Ничего, конверты иногда тоже взрываются!

– Мсье?

Из темноты вынырнул неясный силуэт в сером плаще и шляпке. Очередная Лили Марлен вышла на охоту.

– Если мсье скучно…

Вопреки всем опасениям, вблизи она смотрелась очень даже прилично. Видать, из свеженьких. Акцента нет, значит, беженка из Франции. Голос не слишком уверенный, глаза прячет… Лет сколько? Хорошо, если восемнадцать.

Достав бумажник, я вынул банкноту покрупнее.

– Поужинайте, мадемуазель.

Липка, спохватившись, тоже полез в карман.

– Да, конечно. Возьмите!

Протянула руку. Замерла. Всхлипнула.

– Я не прошу милостыню, мсье! Я… Я шлюха.

– Не выдумывайте! – поморщился я. – Нужна работа – приезжайте в Эль-Джадиру, это недалеко. Найдете аптеку Ричарда Грая, она в самом центре. Много не обещаю, но на хлеб хватит.

Порывшись в бумажнике, достал визитную карточку:

– Вот, там адрес.

Ее пальцы на миг коснулись моей ладони. Негромко щелкнул замок сумочки.

– Спасибо…

– Не поможет, Родион, – вздохнул Липка, когда Лили Марлен растворилась во мраке. – Скоро твоя Офелия будет купаться в пруду… Но ты прав, надо пускать хлеб по водам, да. Сколько наших русских девушек сгинуло в проклятых Стамбулах и Парижах!..

Вынул из кармана портсигар, долго выбирал папиросу, наконец клацнул зажигалкой.

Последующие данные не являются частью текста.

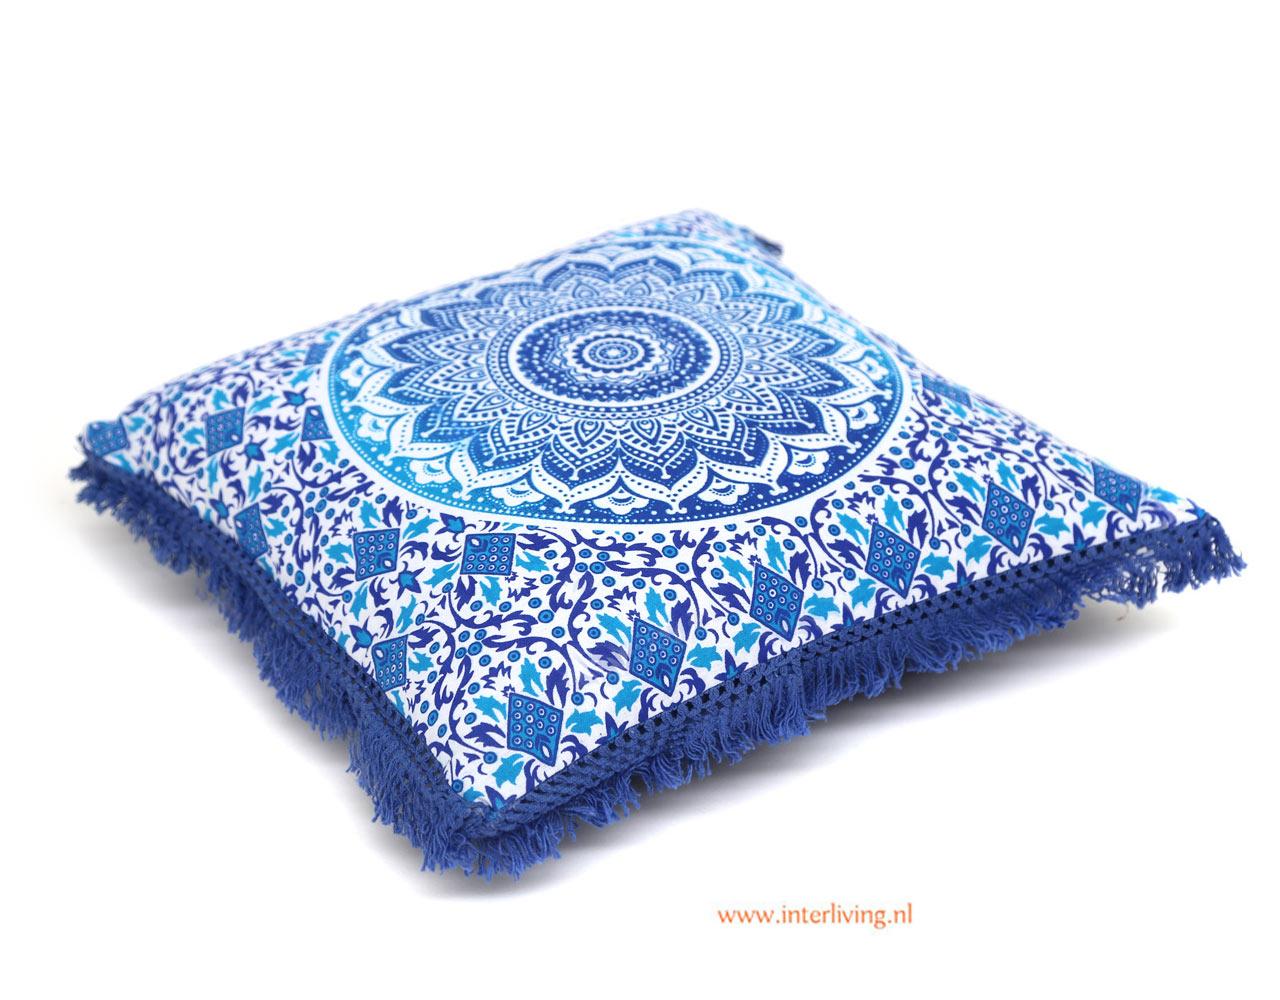 kussen--katoen-mandala--blauw-wit-print-vierkant-franje-rand

– Я на нее смотрел, и знаешь, кого видел? Нашего Лёву. Он тоже проститутка, только старая, битая и трепанная. Просыпается ближе к вечеру, охая и причитая, мажется косметикой, припудривает синяки. А потом меряет шагами асфальт и строит глазки клиентам. И мерзко, и жалко, да. Клиенты могут обидеть, даже побить, но надо терпеть и стараться. Потом она плачет на грязной простыне…

Я едва не подавился.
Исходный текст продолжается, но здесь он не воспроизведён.